EP by Sechs Kies
- Released: January 28, 2020
- Recorded: 2018–2019
- Genre: K-pop
- Length: 19:33
- Language: Korean
- Label: YG
- Producer: Future Bounce

Sechs Kies chronology
| Another Light (2017) | All for You (2020) |  |

Singles from All for You
- "All for You" Released: 28 January 2020;

= All for You (EP) =

All for You is the first and only extended play by South Korean boy group Sechs Kies, released on January 28, 2020, by YG Entertainment. The EP marks their first release since Another Light (2017), and as a 4-member group following Kang Sunghoon's departure in January 2019.

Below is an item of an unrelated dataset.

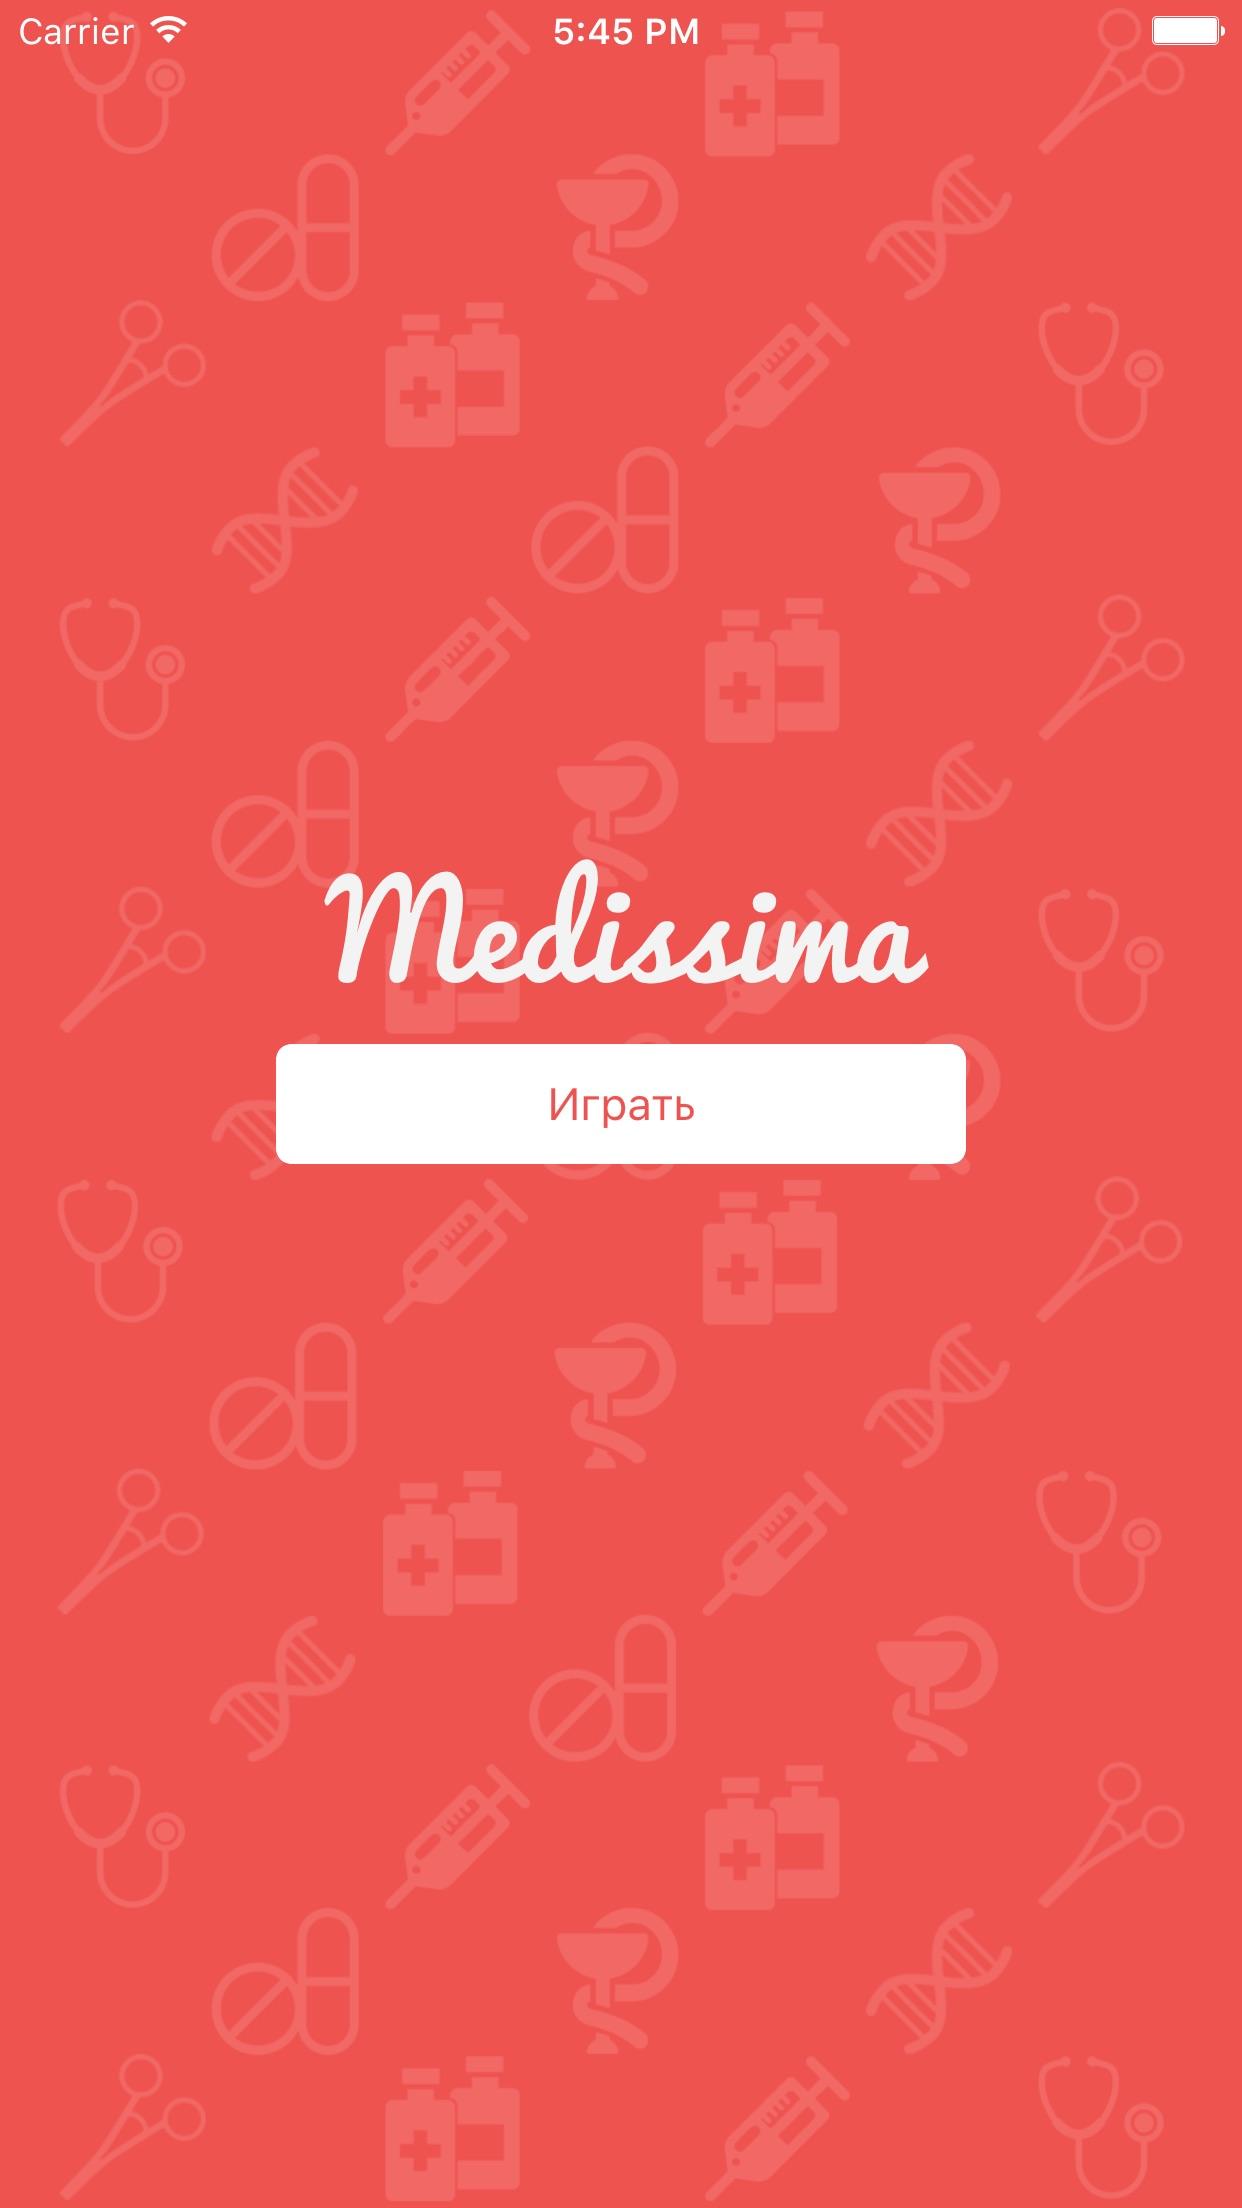 Medissima Screenshot

==Background information==
On September 21, 2018, YG Entertainment announced Sechskies was in the process of recording new music, with their target release date being pushed back as a result of scandals surrounding member Kang Sung-hoon. At a performance in October 14 of that year, Sechskies confirmed they would soon come back, and were in the midst of picking new songs for their upcoming album.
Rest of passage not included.